Task item.
In this exercise, print only the lines from the line with "Floating Sling for Treatment of Incontinence" to the last line of the data below, inclusive. Any pictures should be left out.

[Source data Boundary: Start]

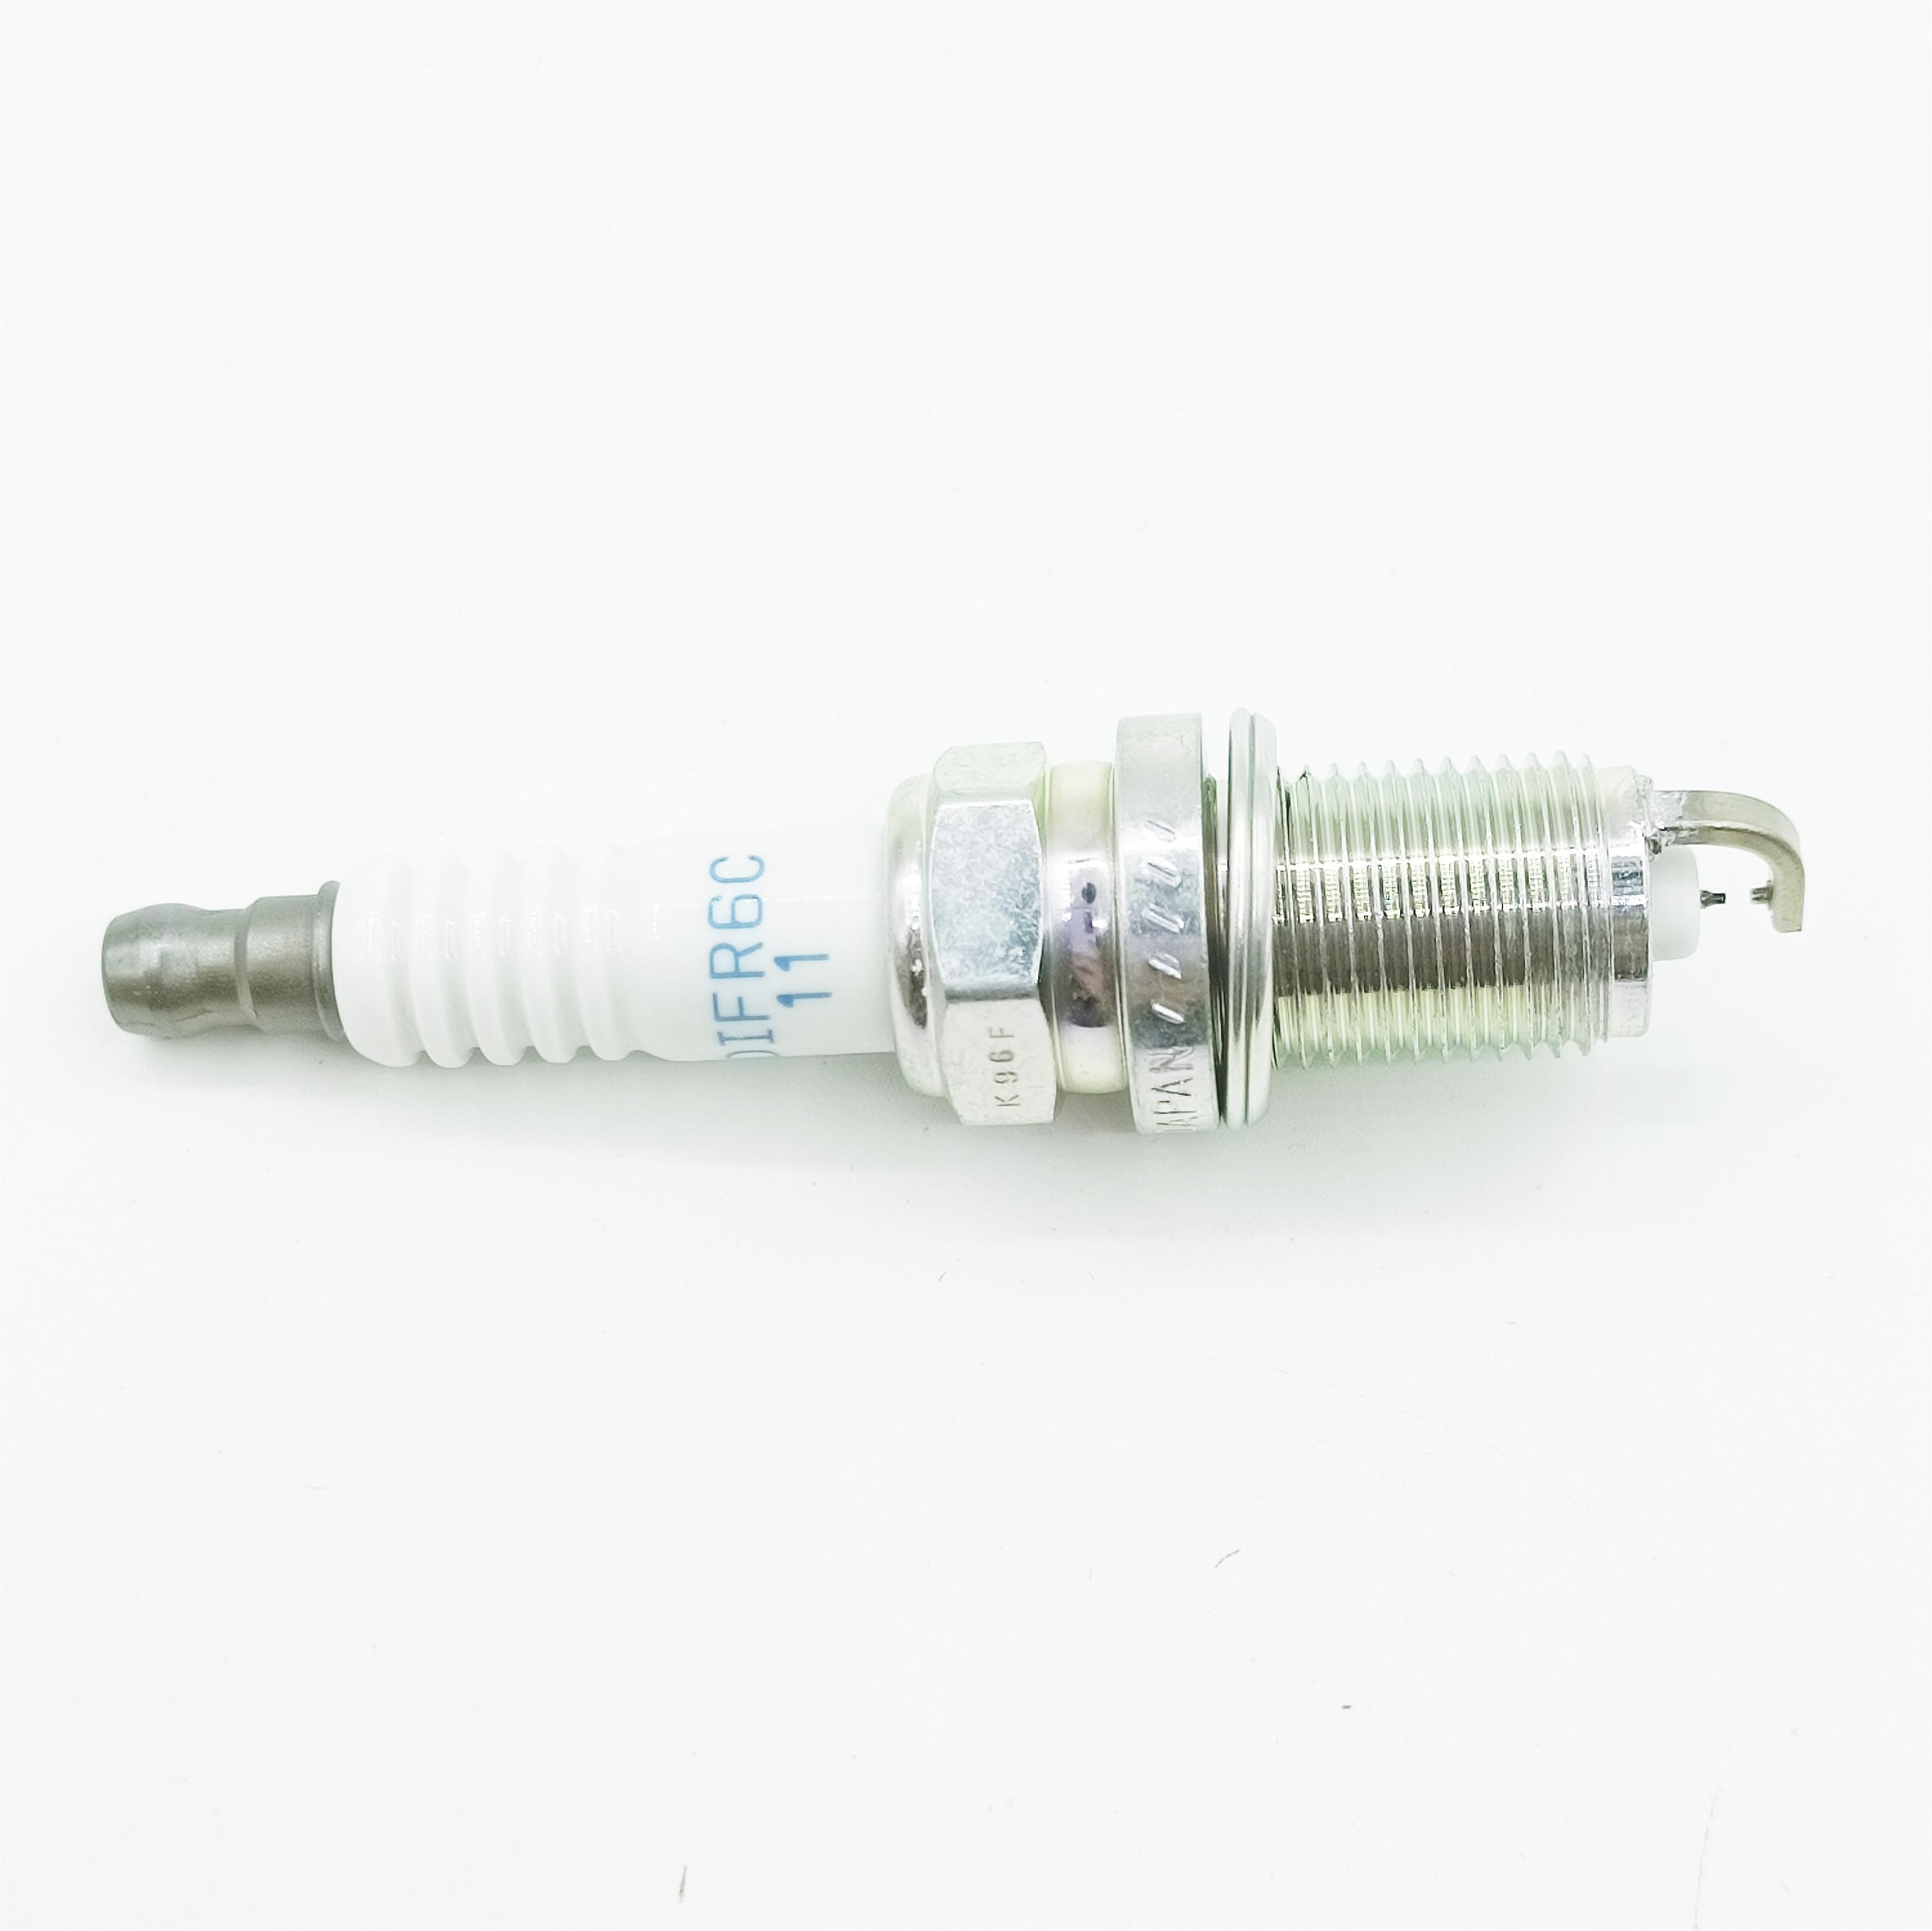 MS851358 MS851367 MS851368 MS851727 1822A002  1822A011 1822A022  1822A069 DIFR6C11 for Mitsubishi Pajero Speedster  Spark Plug
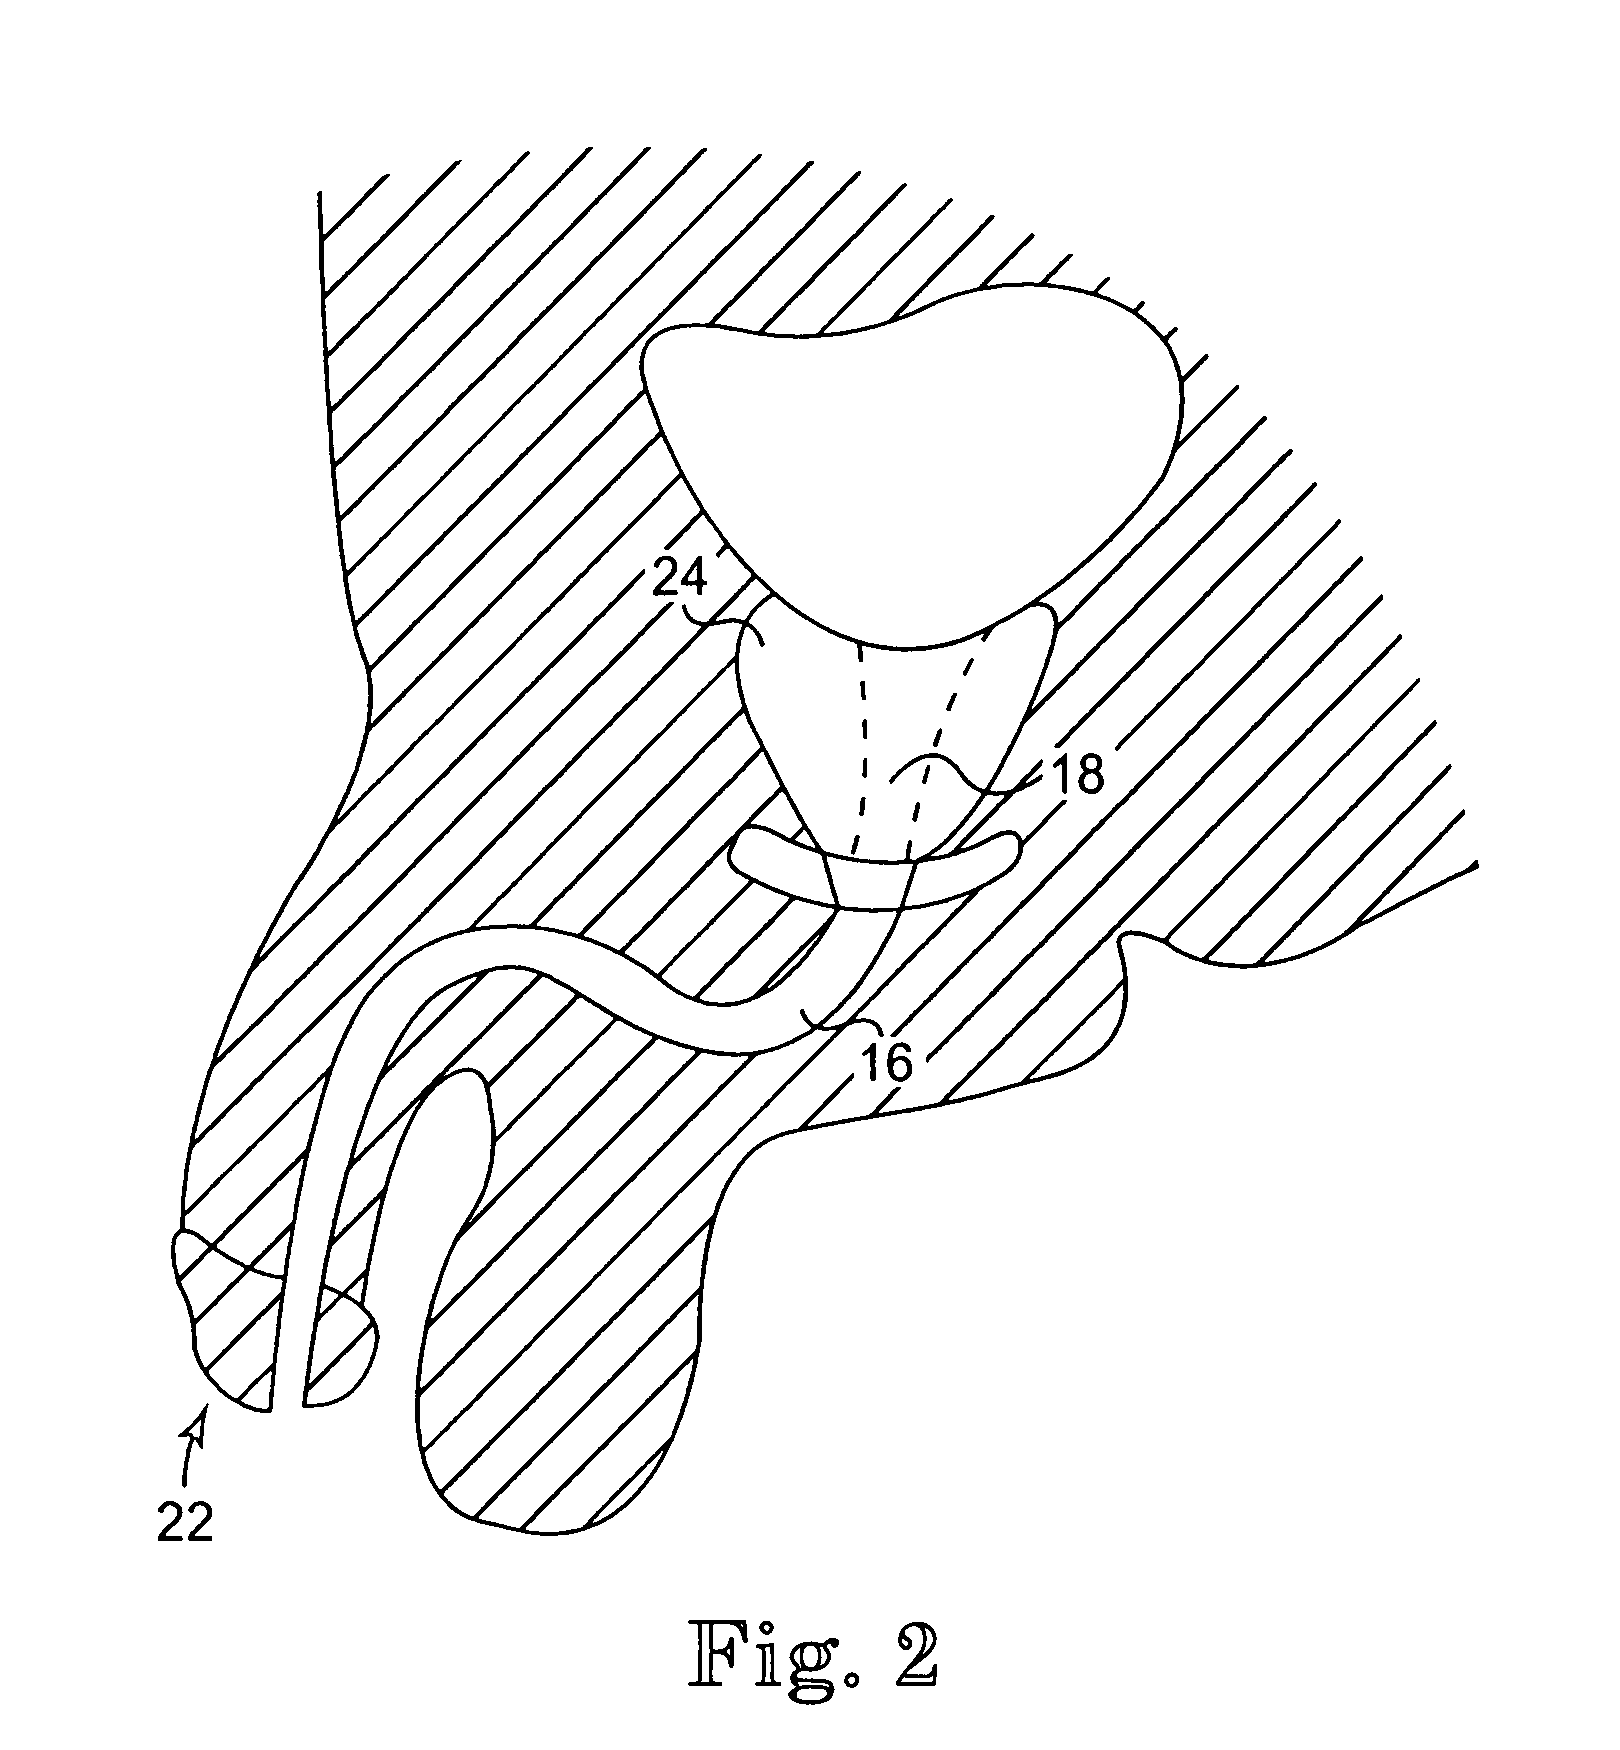 Floating Sling for Treatment of Incontinence
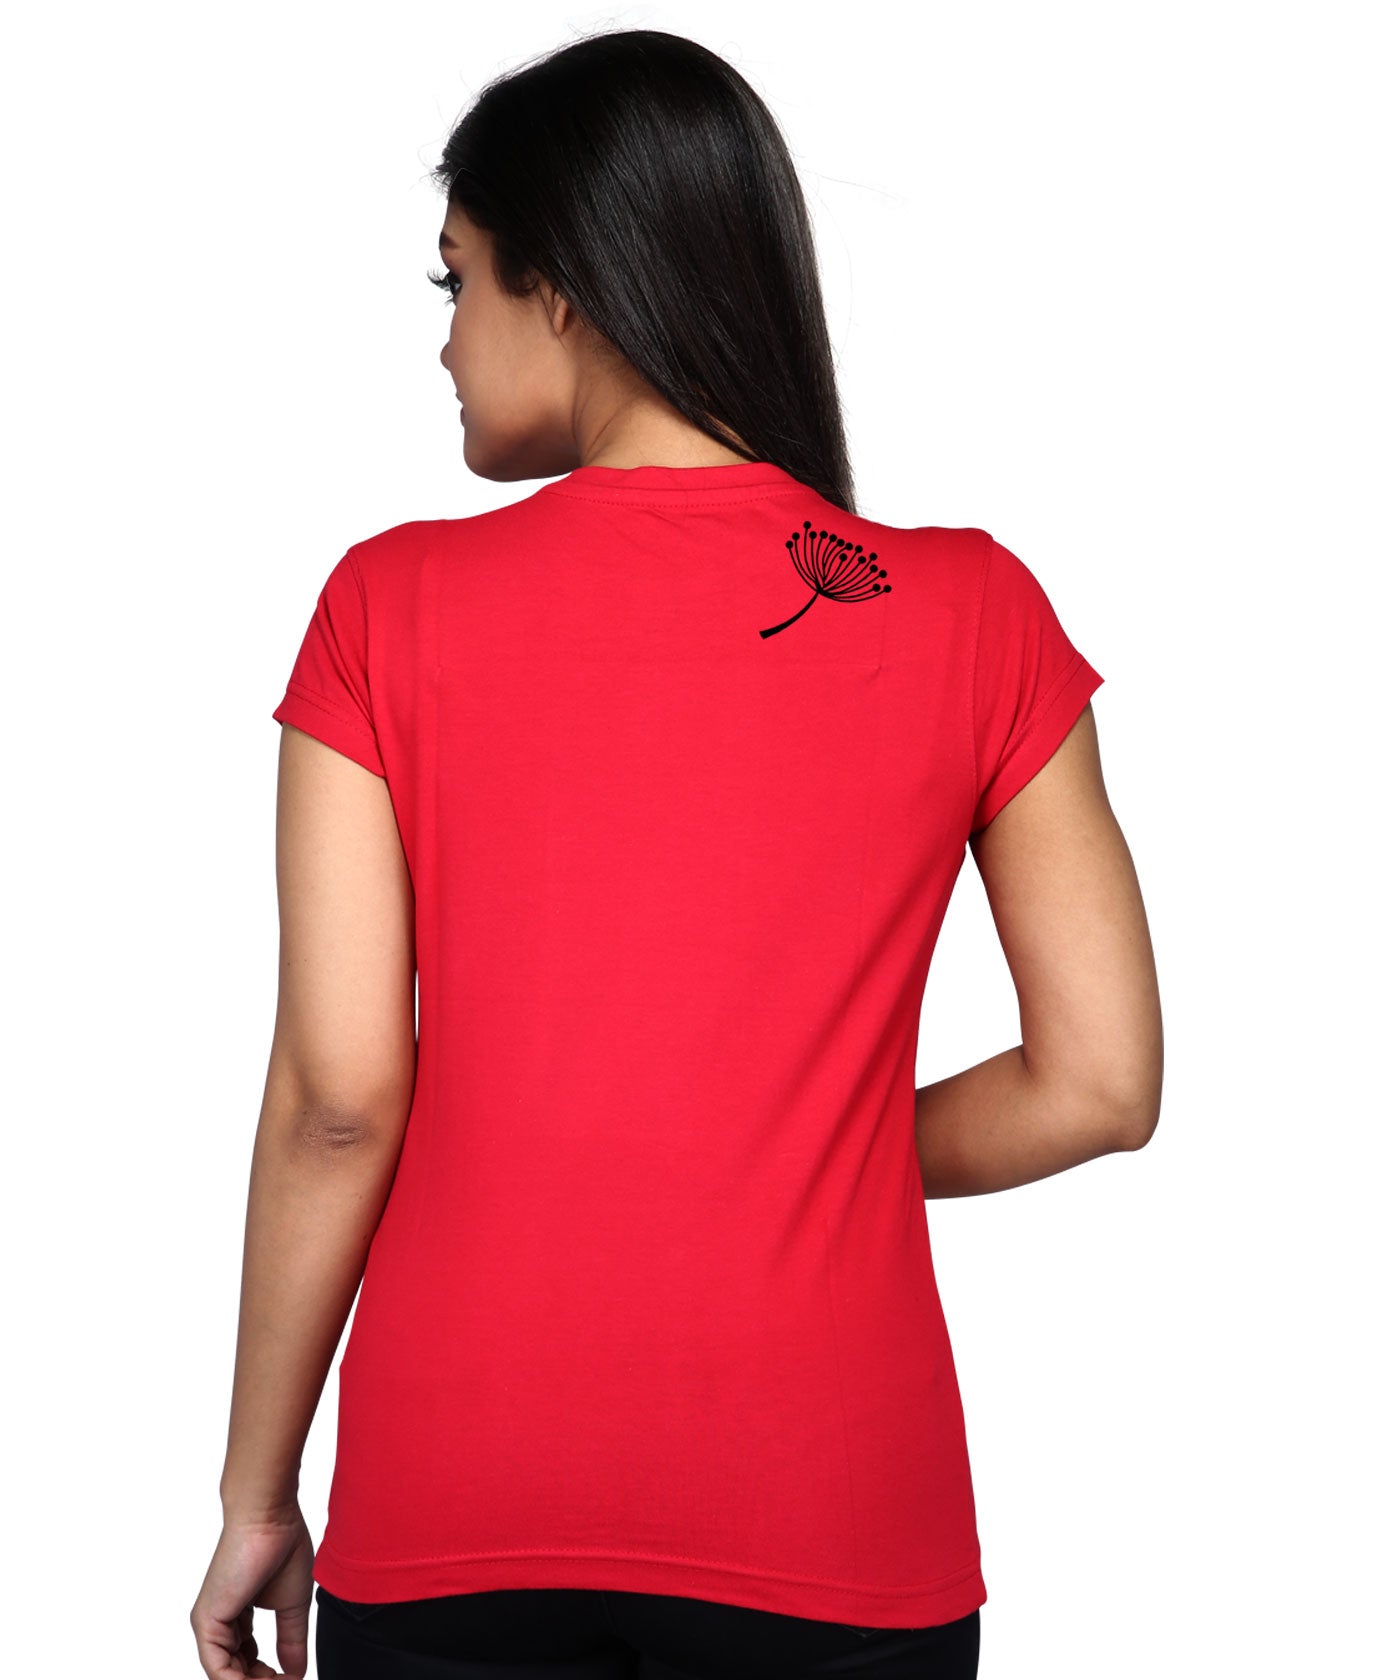 Lines - Block Print Tees for Women - Red

[Source data Boundary: End]

Task output.
 Floating Sling for Treatment of Incontinence
 Lines - Block Print Tees for Women - Red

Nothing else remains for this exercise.